Potential investors should inform themselves of, and comply with, any applicable laws, regulations or regulatory guidance with respect to any resale of the securities described in the Preliminary Offering Memorandum or the Offering Memorandum (or any beneficial interests therein), including COBS and the HKMA Circular.

Investors in Hong Kong should not purchase the New Notes in the primary or secondary markets unless they are Professional Investors and understand the risks involved. The New Notes are generally not suitable for retail investors.

Each of the Dealer Managers (in its capacity as a Joint Lead Manager) is required to comply with COBS (as if COBS 22.3 applies to the New Notes).

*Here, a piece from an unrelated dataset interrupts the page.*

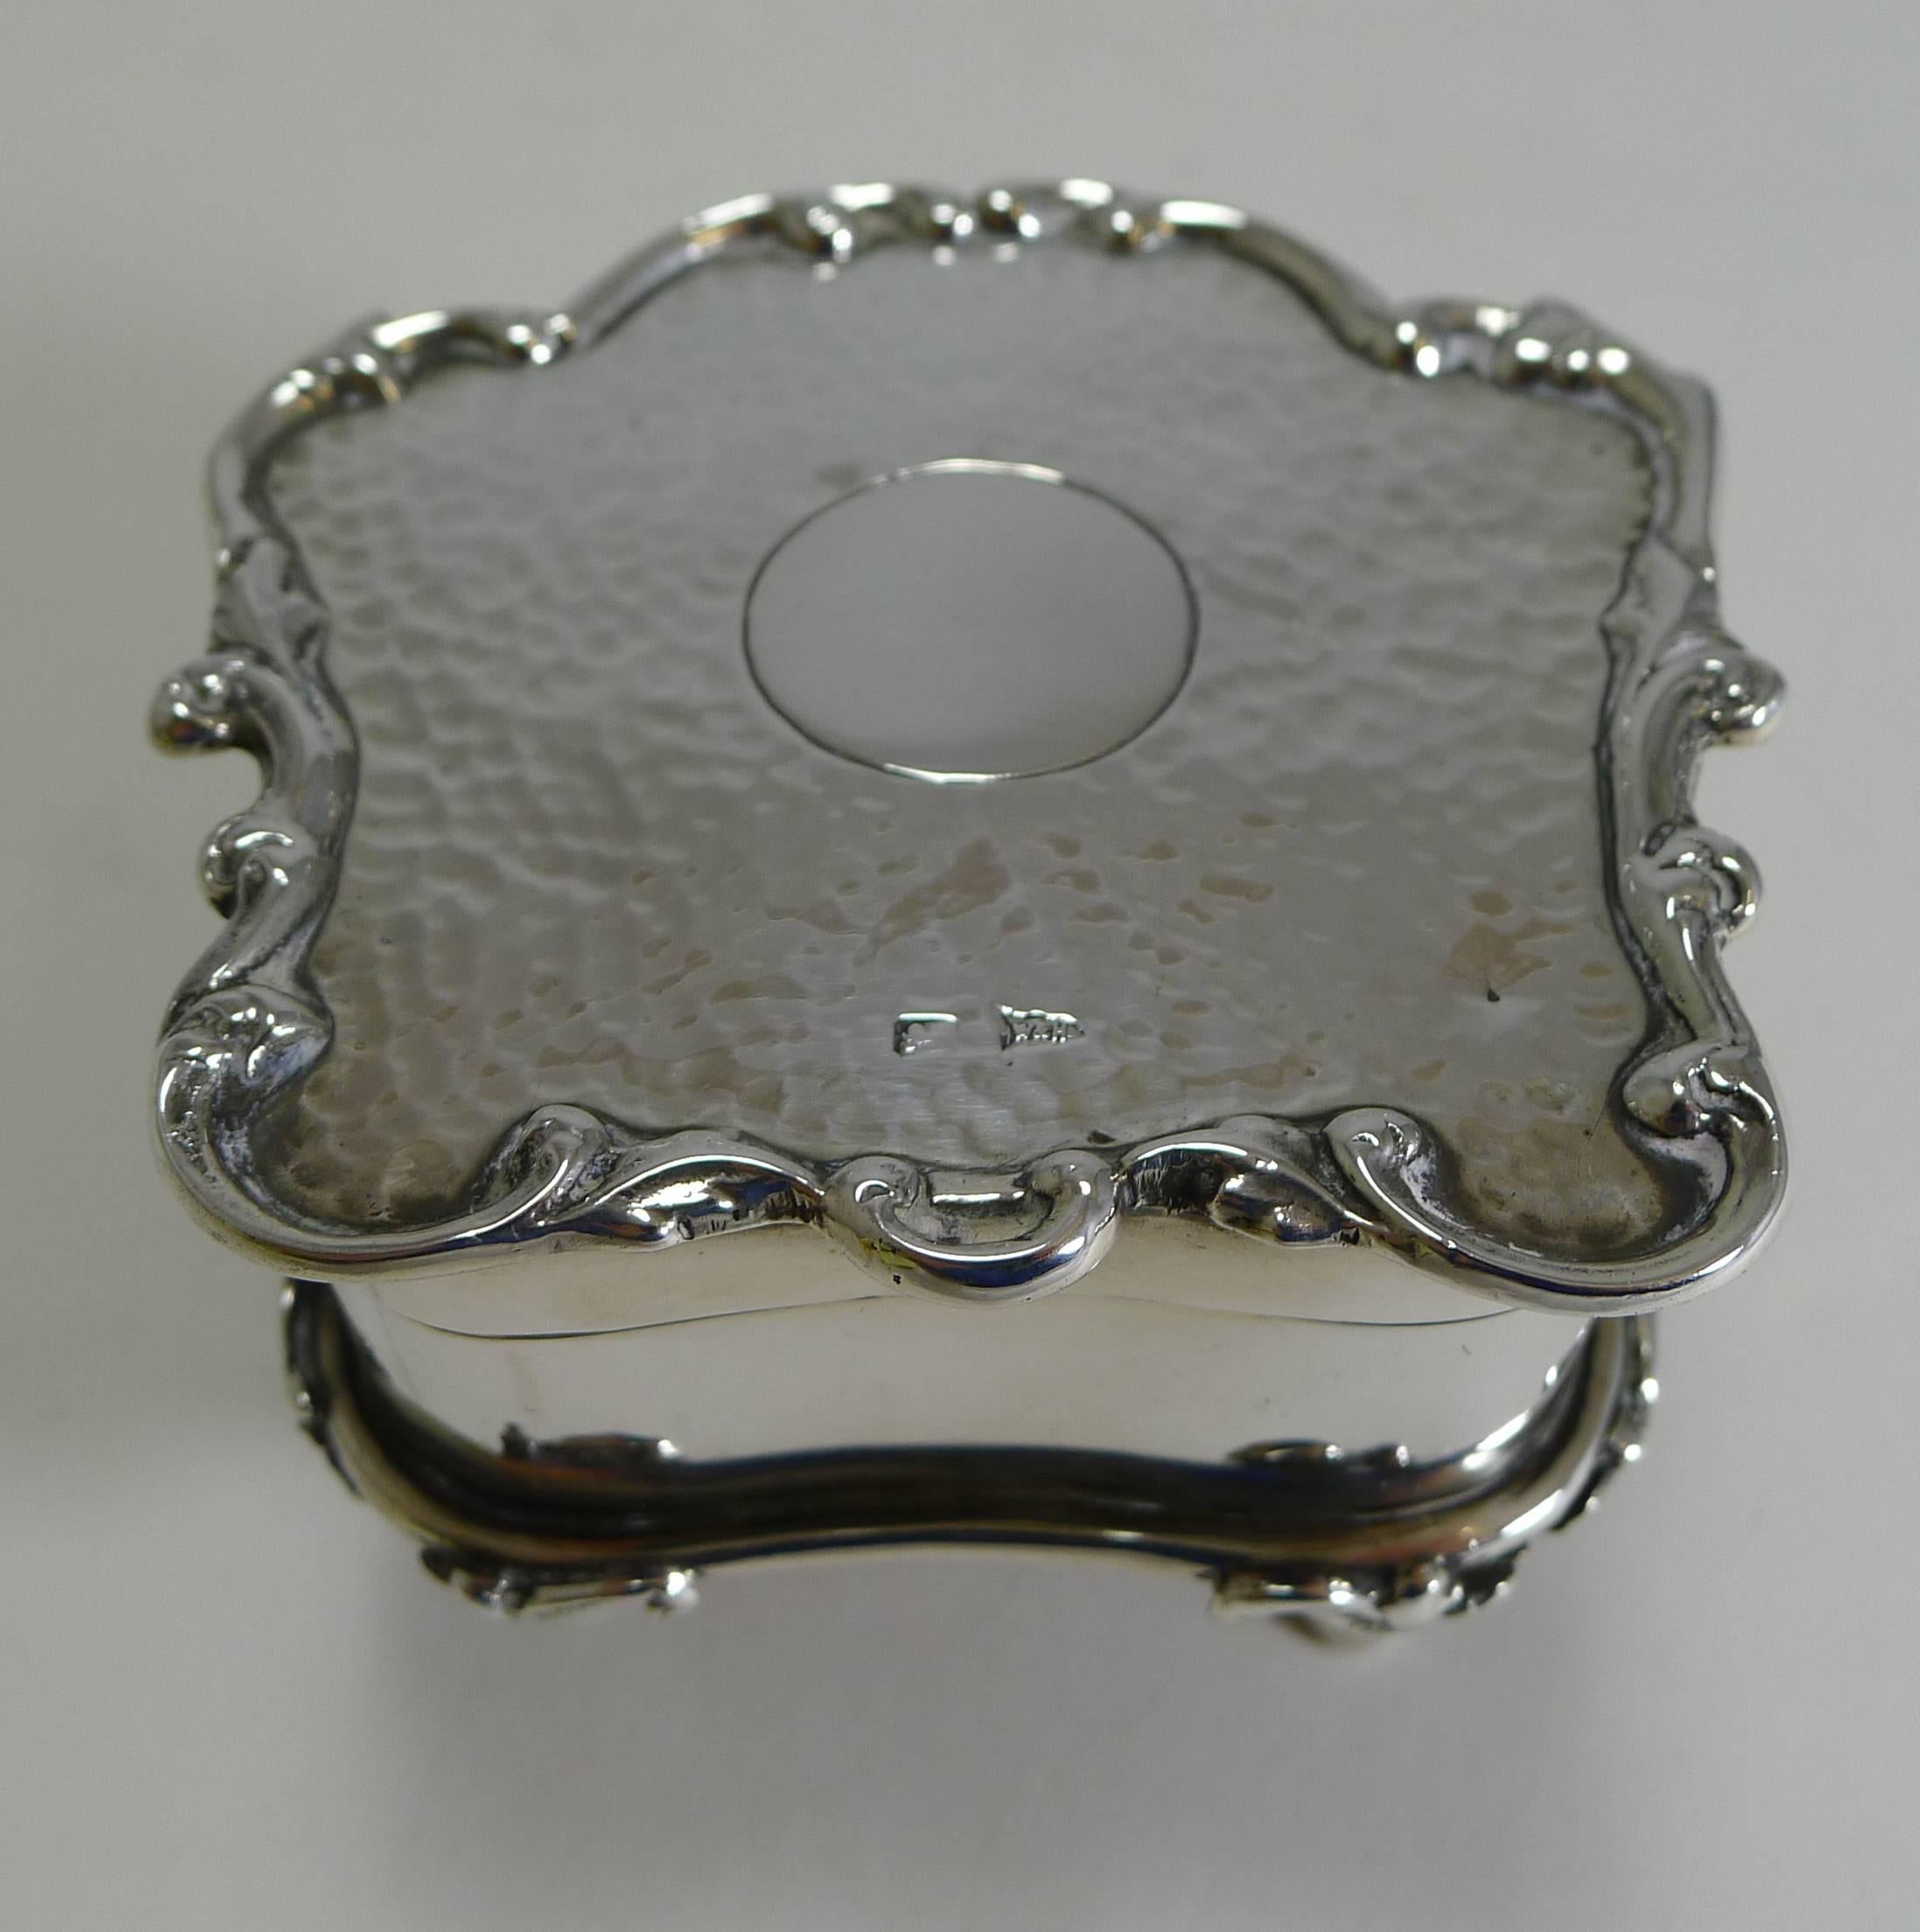 Edwardian Antique English Sterling Silver Jewelry Box by Walker and Hall

By purchasing, or making or accepting an offer to purchase, any New Notes (or a beneficial interest therein) from the Company and/or any Joint Lead Manager, each prospective investor is required to represent, warrant, agree with, and undertake to, the Company and the Joint Lead Managers that:

(i)    it is not a retail client in the United Kingdom;

(ii)   if it is in Hong Kong, it is a Professional Investor; and

(iii)  whether or not it is subject to COBS or the HKMA Circular, it will not:

1.     sell or offer the New Notes (or any beneficial interest therein) to retail clients in the United Kingdom or retail investors in Hong Kong; or

2.     communicate (including the distribution of the Preliminary Offering Memorandum or the Offering Memorandum) or approve an invitation or inducement to participate in, acquire or underwrite the New Notes (or any beneficial interests therein) where that communication, invitation or inducement is addressed to or disseminated in such a way that it is likely to be received by a retail client in the United Kingdom or any customer in Hong Kong who is not a Professional Investor.

In selling or offering the New Notes or making or approving communications, invitations or inducements relating to the New Notes, each prospective investor may not rely on the limited exemptions set out in COBS (as if COBS 22.3 applies to the New Notes).

The obligations above are in addition to the need to comply at all times with all other applicable laws, regulations and regulatory guidance (whether inside or outside the EEA, the United Kingdom or Hong Kong) relating to the promotion, offering, distribution and/or sale of the New Notes (or any beneficial interest therein), whether or not specifically mentioned in the Preliminary Offering Memorandum and (once published) the Offering Memorandum, including (without limitation) any requirements under MiFID II, UK MiFIR, the United Kingdom FCA Handbook, the HKMA Circular and/or any other applicable laws, regulations and regulatory guidance relating to determining the appropriateness and/or suitability of an investment in the New Notes (or any beneficial interest therein) for investors in any relevant jurisdiction.

Where acting as agent on behalf of a disclosed or undisclosed client when purchasing, or making or accepting an offer to purchase, any New Notes (or any beneficial interest therein) from the Company and/or any of the Joint Lead Managers, the foregoing representations, warranties, agreements and undertakings will be given by and be binding on both the agent and its underlying client(s).

The New Notes have and shall only be offered in conformity with the provisions of the Offering Memorandum and the selling restrictions and, if applicable, the exemption wording, contained therein.

No action has been or will be taken in any jurisdiction in relation to the New Notes to permit a public offering of securities.